All new instances: MySQL 5.⅞.0, PostgreSQL, SQL Server

Features:

  • Up to 64 TB storage
  • Automatic storage increase
  • Better performance (up to 7x faster)
  • Private IP support
  • Point-in-time recovery
  • High availability configuration

Recommendation: Always use 2nd gen for new deployments

When to Use Cloud SQL

✅ Use When

  • Relational data with ACID requirements
  • Existing MySQL/PostgreSQL/SQL Server app
  • Structured data with relationships
  • Transactional workloads (OLTP)
  • Need SQL features (JOINs, transactions, constraints)
  • Migrating from on-premises databases

❌ Don’t Use When

  • Global scale needed → Cloud Spanner
  • Analytics workload → BigQuery
  • NoSQL better fit → Firestore, Bigtable
  • Serverless preferred → Firestore
  • Extremely high throughput → Bigtable

Machine Types

Shared-Core

Types: db-f1-micro (0.6 GB), db-g1-small (1.7 GB)

Use for: Development, testing, very light workloads

Limitations: Burstable CPU, not for production

Dedicated-Core

Types: Standard (up to 96 vCPUs, 624 GB RAM)

Use for: Production workloads

High-memory: More RAM per vCPU (db-custom-*)

Pattern: Start small, scale up based on monitoring

Storage

Types

SSD (default, recommended):

  • Better performance
  • $0.17/GB/month

HDD (legacy):

  • Slower, cheaper
  • $0.09/GB/month
  • Not recommended

Automatic Storage Increase

Enabled by default: Automatically grows when approaching capacity

Thresholds: Increases when <10% free or <6 GB free

Benefits: Prevents downtime from full disk

Cost: Pay for actual usage

Recommendation: Always enable for production

High Availability (HA)

Regional HA Configuration

Architecture:

Primary instance (zone A)
  ↓ Synchronous replication
Standby instance (zone B, same region)

Automatic failover: Minutes (typically <60 seconds)

RPO: Zero (synchronous replication)

RTO: < 1 minute (automatic)

Cost: 2x instance cost + network

How It Works

Normal operation: Primary handles all traffic

Failure detection: Heartbeat monitoring

Failover: Standby promoted to primary automatically

Reconnection: Applications reconnect to same IP (unchanged)

Configuration

Enable HA: At creation or after (requires restart)

Important: Must use private IP or public IP with authorized networks

SLA: 99.95% uptime with HA enabled

When to Use HA

Production databases requiring high availability

Development/test (save cost, use snapshots for recovery)

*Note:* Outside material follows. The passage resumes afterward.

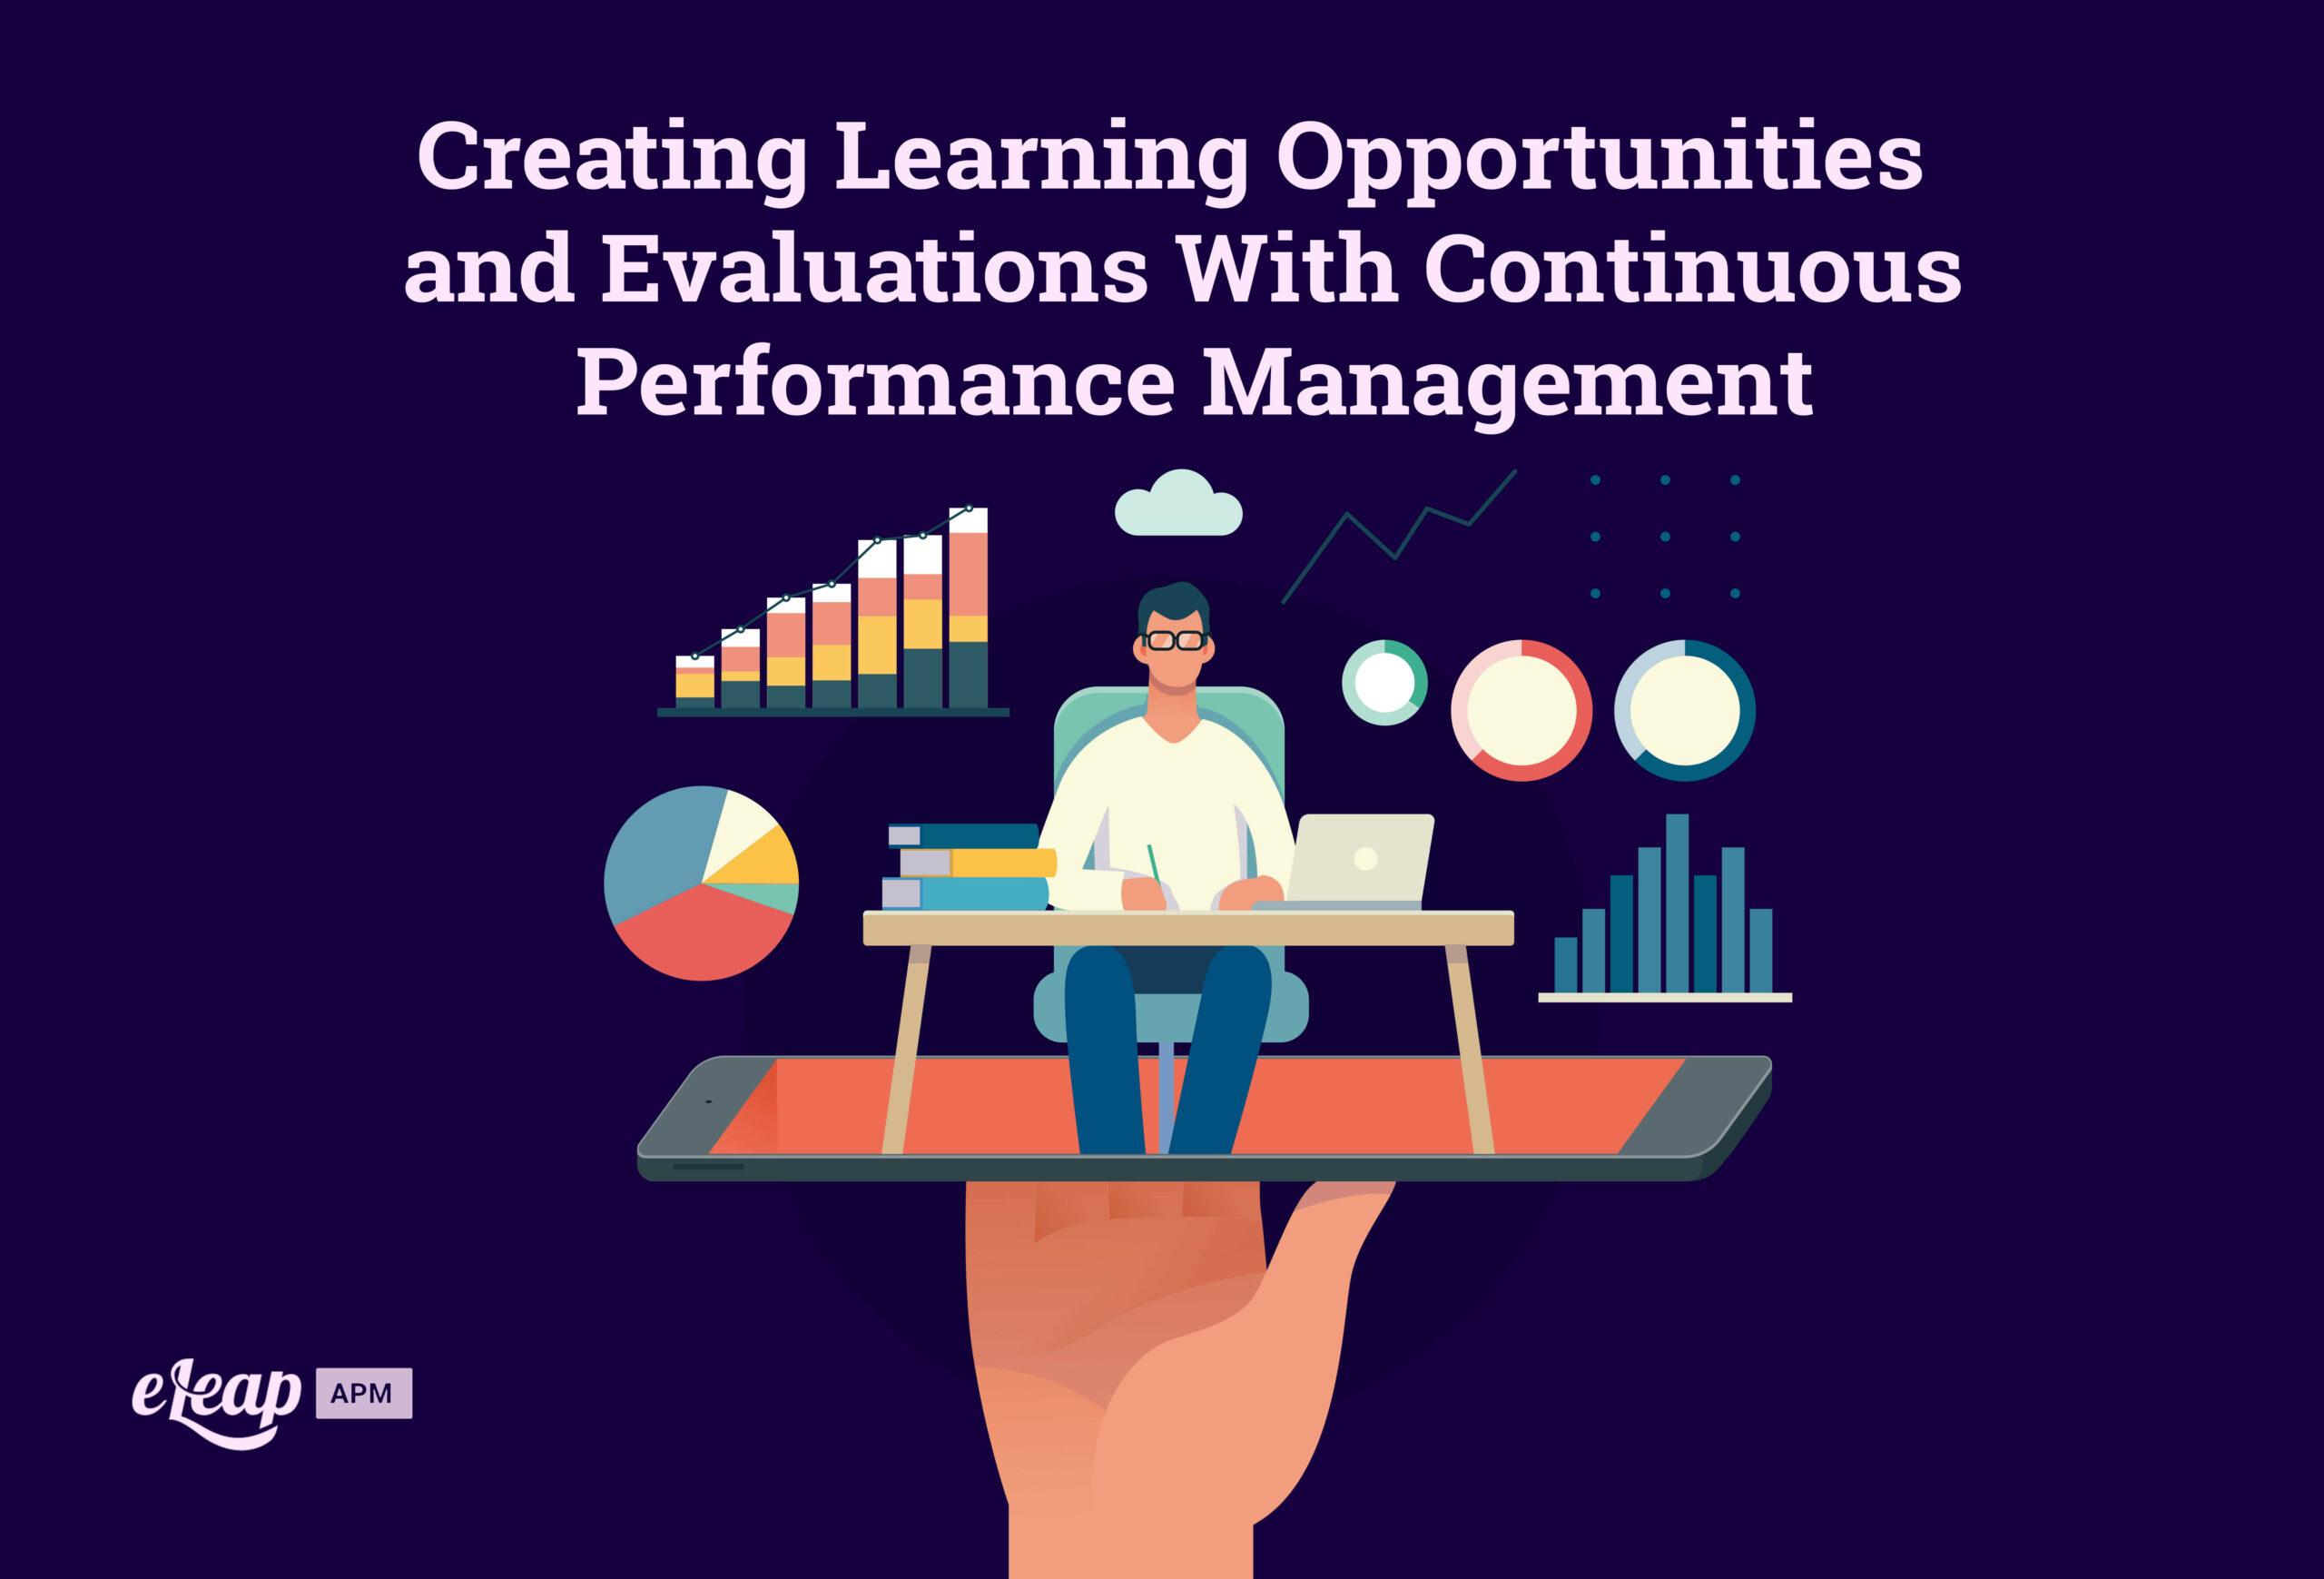 Creating Learning Opportunities and Evaluations With Continuous Performance Management

Trade-off: 2x cost for better availability (RPO zero, RTO <1 min)

Backups

Automated Backups

Frequency: Daily, during maintenance window

Retention: 7-365 days (default 7)

Type: Full backup + transaction logs

Location: Same region or custom location

Cost: $0.08/GB/month (cheaper than disk)

Important: Enabled by default, always enable for production

On-Demand Backups

Manual: Create anytime

Retention: Until manually deleted (no automatic expiration)

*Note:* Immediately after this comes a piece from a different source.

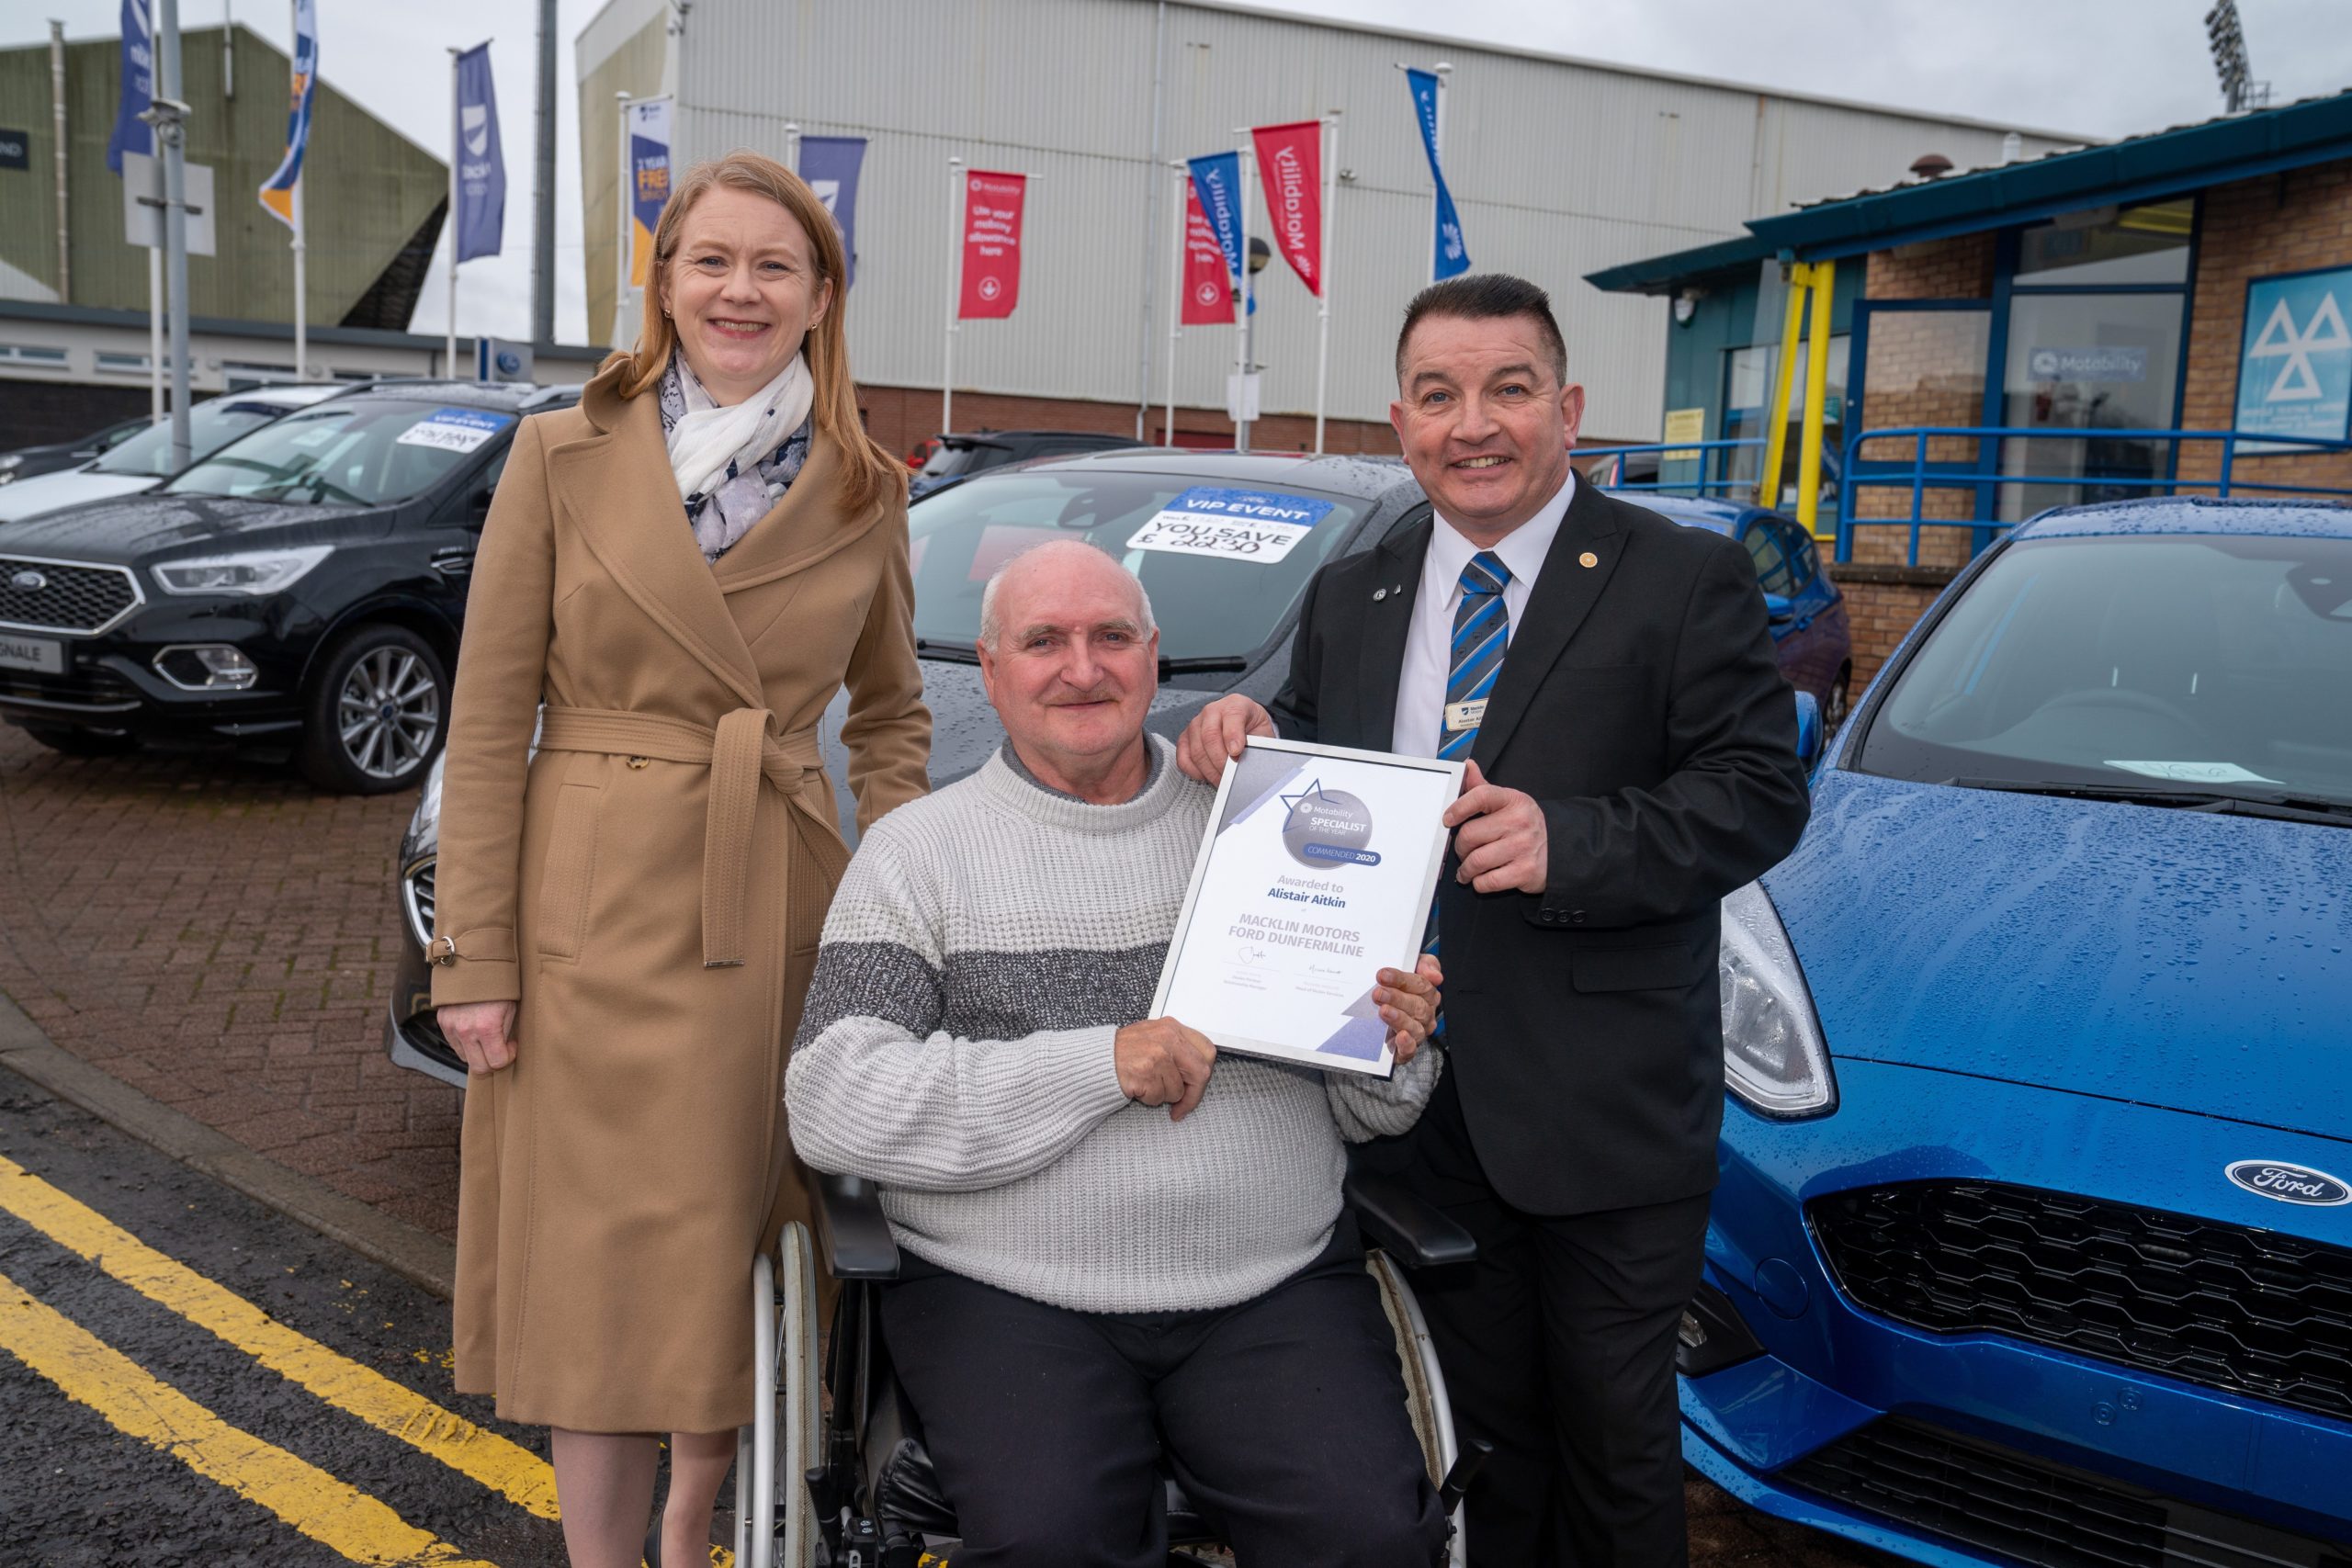 Social Security Secretary Shirley-Anne Somerville with Kenneth Harper and Alastair Aitken, Motability specialist at Macklin Motors in Dunfermline.

Use for: Before major changes, migrations

Cost: Same as automated ($0.08/GB/month)

Point-in-Time Recovery (PITR)

Requires: Automated backups + binary logging enabled

Capability: Restore to any point in time (within retention period)

Granularity: Down to the second

Use case: Recover from accidental DELETE/UPDATE

Example: Accidentally deleted data at 2 PM, restore to 1:59 PM

Backup Best Practices

  • Enable automated backups (production)
  • 30-day retention minimum (compliance may require more)
  • Test restoration quarterly
  • Cross-region backups for DR
  • On-demand backup before schema changes

Disaster Recovery

Cross-Region DR Strategies

Backup and Restore:

  • Export backups to Cloud Storage (multi-regional)
  • Restore in DR region on disaster
  • RPO: 24 hours (daily backup)
  • RTO: 1-2 hours (restore time)
  • Cost: Lowest (backup storage only)

Read Replica in DR Region:

  • Async replication to DR region
  • Promote replica to standalone on disaster
  • RPO: Minutes (replication lag)
  • RTO: < 30 minutes (manual promotion)
  • Cost: Medium (replica instance cost)

Managed Cross-Region Replica:

  • Automatic async replication
  • Manual failover
  • Easier management than manual replica

Failover Process

Regional HA (automatic):

  1. Primary fails
  2. Standby promoted (seconds)
  3. Applications reconnect automatically

Cross-Region (manual):

  1. Declare disaster
  2. Promote read replica to standalone
  3. Update DNS/connection strings
  4. Point applications to new region

DR Testing

Important: Test DR procedures regularly

Process:

  1. Create read replica in DR region
  2. Simulate failover (promote replica)
  3. Verify application connectivity
  4. Measure actual RTO
  5. Document gaps and update procedures

Read Replicas

Purpose

Read scaling: Offload read queries from primary

Analytics: Run heavy queries without impacting production

DR: Promote to standalone on disaster

Architecture

Primary (read/write)
  ↓ Async replication
Read Replica 1 (read-only)
Read Replica 2 (read-only)

Replication: Asynchronous (eventual consistency)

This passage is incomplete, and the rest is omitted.